Bullet resistant shield for electric power equipment

Abstract

A bullet resistant shield for electric power equipment constructed from standardized modular sections configured for easy erection in the field into walls and enclosures. The modular sections may be constructed at a factory and transported to the desired location where the sections are assembled together into walls and enclosures. The modules are sized for transportation by trucks over public roadway, rail, barge and so forth. Concrete foundations may be installed prior to arrival of the modular sections to ready the site for erection of the shied structure upon arrival of the modular sections. Unlike conventional bullet resistant enclosures, these sections provide adequate ventilation to avoid overheating of air-cooled electric power equipment, such as large substation transformers.

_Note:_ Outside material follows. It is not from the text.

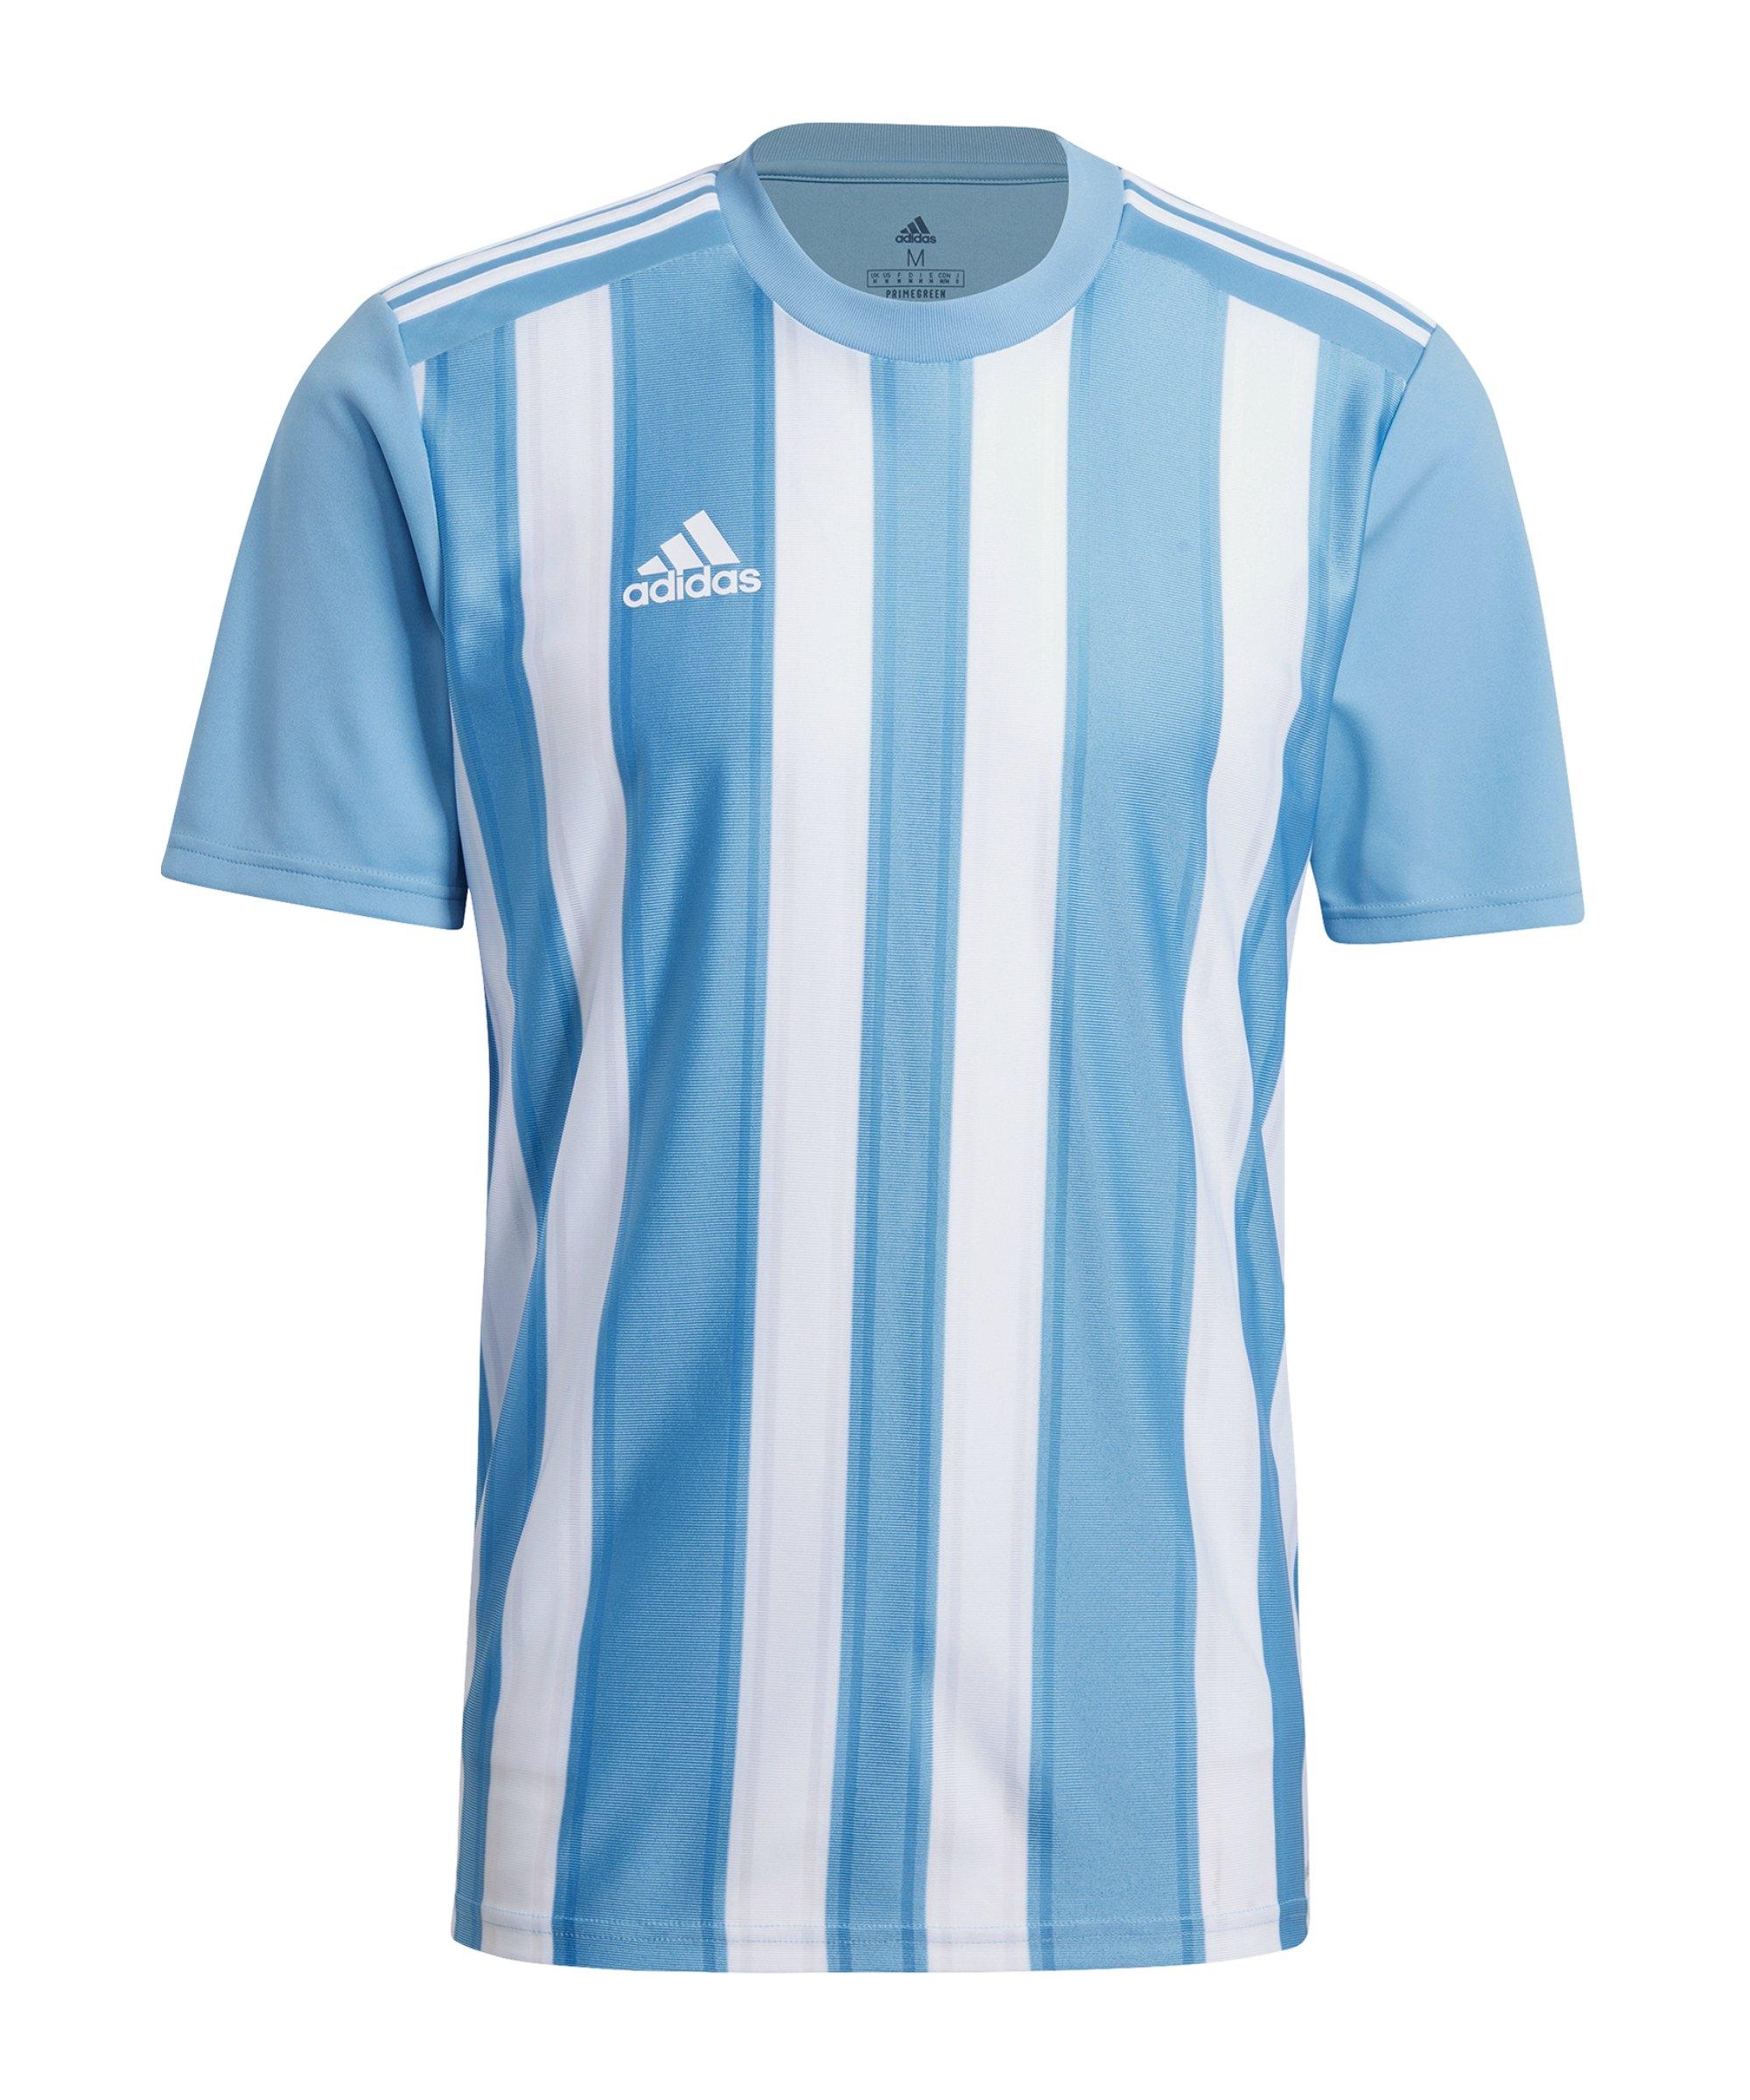 adidas Striped 21 Trikot Hellblau Weiss - blau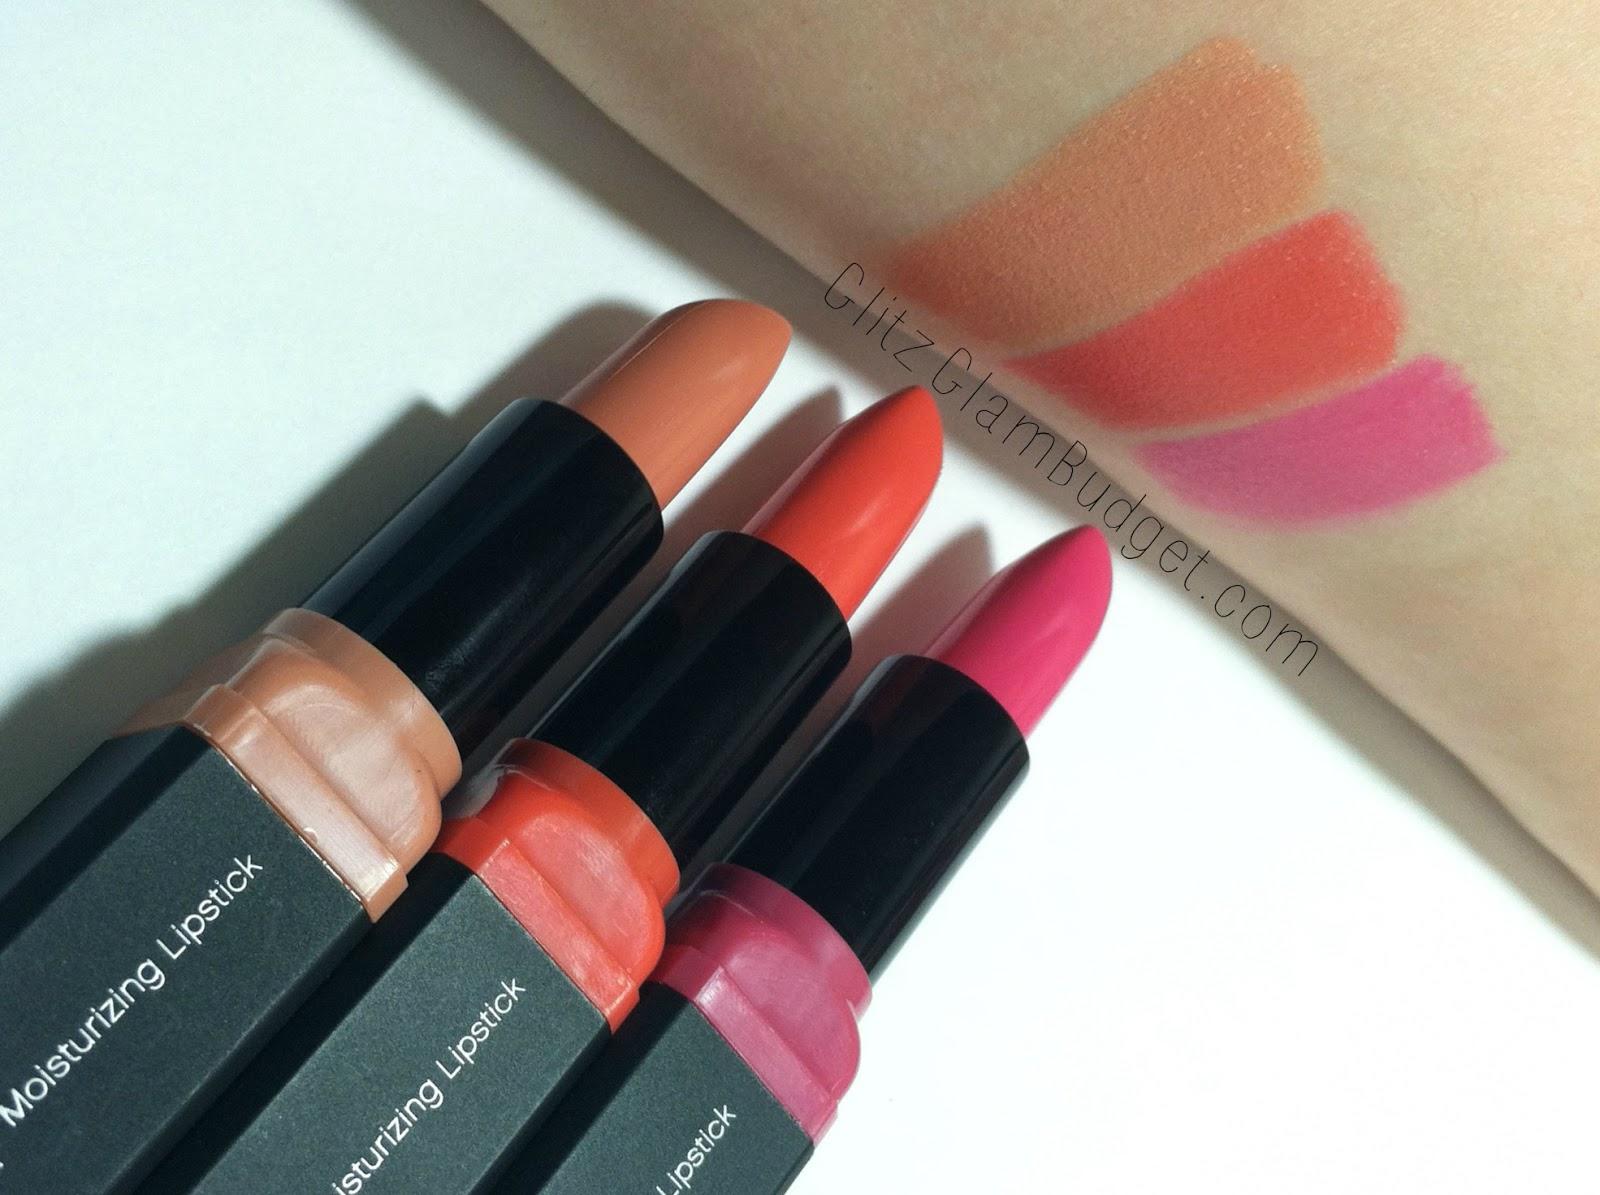 ELF Cosmetics Studio Moisturizing Lipsticks

One or more electric fans may be mounted in the section to provide forced air ventilation. The wall may be positioned to allow walk-up maintenance access without the use of doors.

Description

TECHNICAL FIELD

The present invention relates to bullet resistant shielding and, more particularly, to bullet resistant shields for electric power equipment.

BACKGROUND

Terrorism, vandalism, war and firearms accidents can expose electric power equipment to gunfire. Electric power transformers located in transmission and distribution substations can be particularly vulnerable because they are relatively large targets located in virtually every community. The transformers are typically air-cooled and filled with oil or gel that can escape if the casing is pierced by gunfire resulting overheating, failure and a potential fire hazard. A single substation outage can affect a large number of customers and take several days to repair. Current bullet resistant shields designed for military vehicles and structures do not provide adequate ventilation for electric power equipment. While basic ballistic coverings and panels are commercially available from a number of vendors, there are no systems currently available for conveniently assembling the coverings or panels into wall and enclosures at existing electric equipment locations. As a result, there is continuing need for improved bullet resistant shielding for electric power equipment.

SUMMARY

The present invention may be embodied in a modular bullet resistant shield for electric power equipment constructed from standardized, ventilated sections designed for easy erection in the field into walls and enclosures. Unlike conventional bullet resistant enclosures, these sections provide adequate ventilation to avoid overheating of air-cooled electric power equipment, such as large substation transformers.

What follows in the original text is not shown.